COVID-19 Acute Respiratory Distress Syndrome promotes a specific alternative macrophage polarization

Marc Garnier 1,2,, Florian Blanchard 2,3, Arnaud Mailleux 2, Laurence Morand-Joubert 4,5, Bruno Crestani 2,6, Christophe Quesnel 1,2
PMCID: PMC9659319  PMID: 36384184

Abstract

Acute respiratory distress syndrome (ARDS) alveolar environment induced a pro-repair anti-inflammatory macrophage polarization. However, patients with coronavirus disease 2019 (COVID-19) ARDS frequently exhibit a huge lung inflammation and present pulmonary scars and fibrosis more frequently than patients with non-COVID-19 ARDS, suggesting that the COVID-19 ARDS alveolar environment may drives a more inflammatory or pro-fibrotic macrophage polarization. This study aimed to determine the effect of the COVID-19 ARDS alveolar environment on macrophage polarization.

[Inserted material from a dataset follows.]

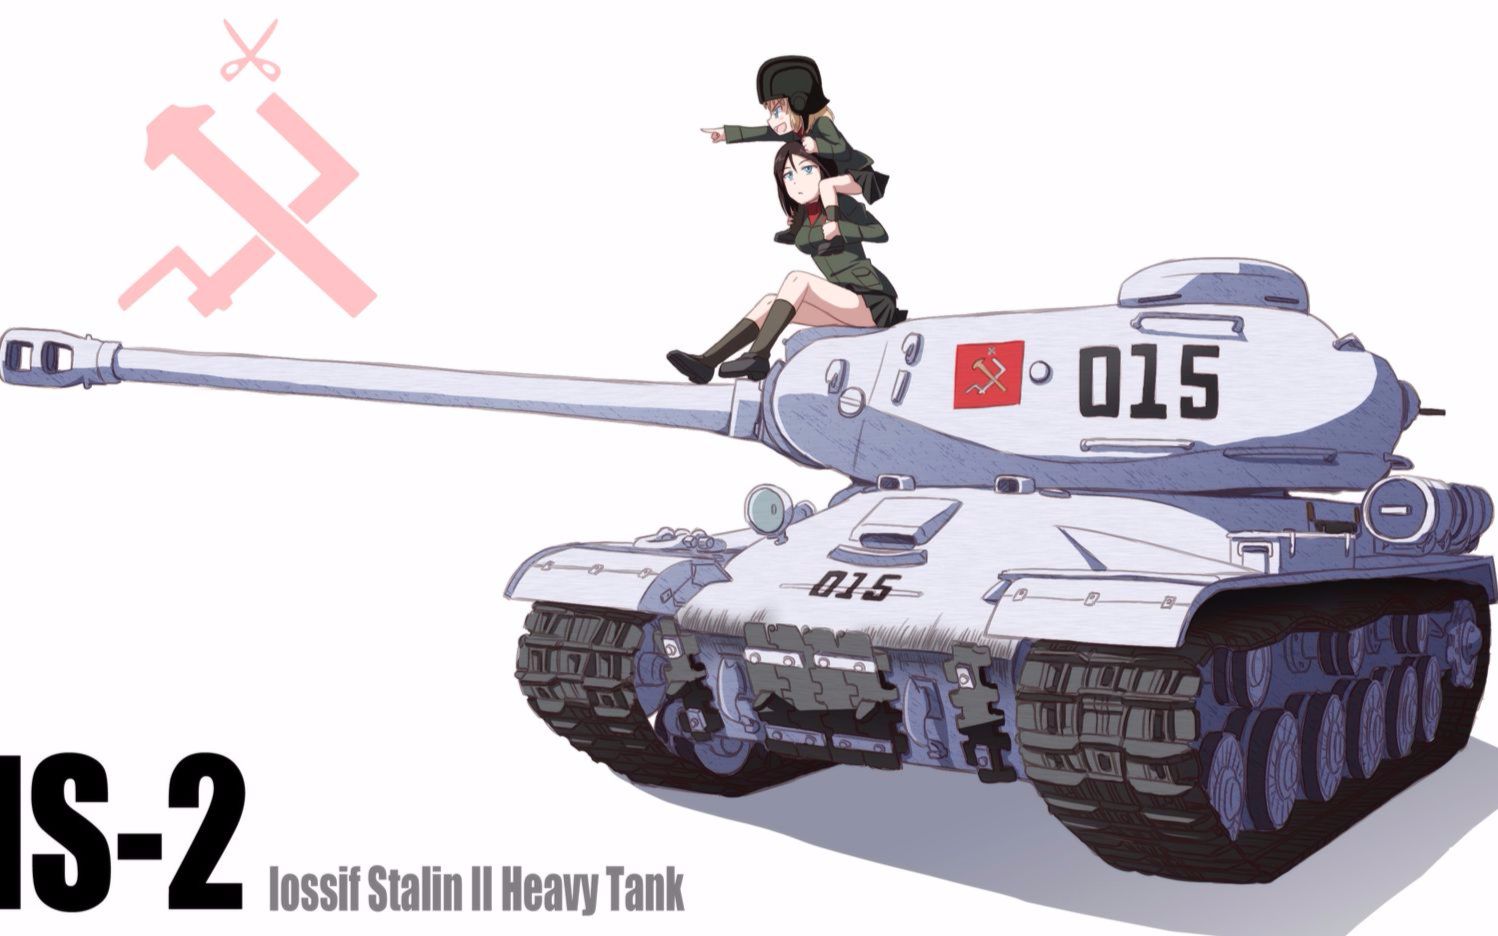 少女与战车喀秋莎俄语图片

The main finding was that broncho-alveolar lavage fluids (BALF) from patients with early COVID-19 ARDS drove an alternative anti-inflammatory polarization in normal monocyte-derived macrophages; characterized by increased expressions of CD163 and CD16 mRNA (3.4 [2.7-7.2] and 4.7 [2.6-5.8] fold saline control, respectively – p=0.02), and a secretory pattern close to that of macrophages stimulated with IL-10, with the specificity of an increased production of IL-6. This particular alternative pattern was specific to early ARDS (compared with late ARDS) and of COVID-19 ARDS (compared with moderate COVID-19). The early COVID-19 ARDS alveolar environment drives an alternative anti-inflammatory macrophage polarization with the specificity of inducing macrophage production of IL-6.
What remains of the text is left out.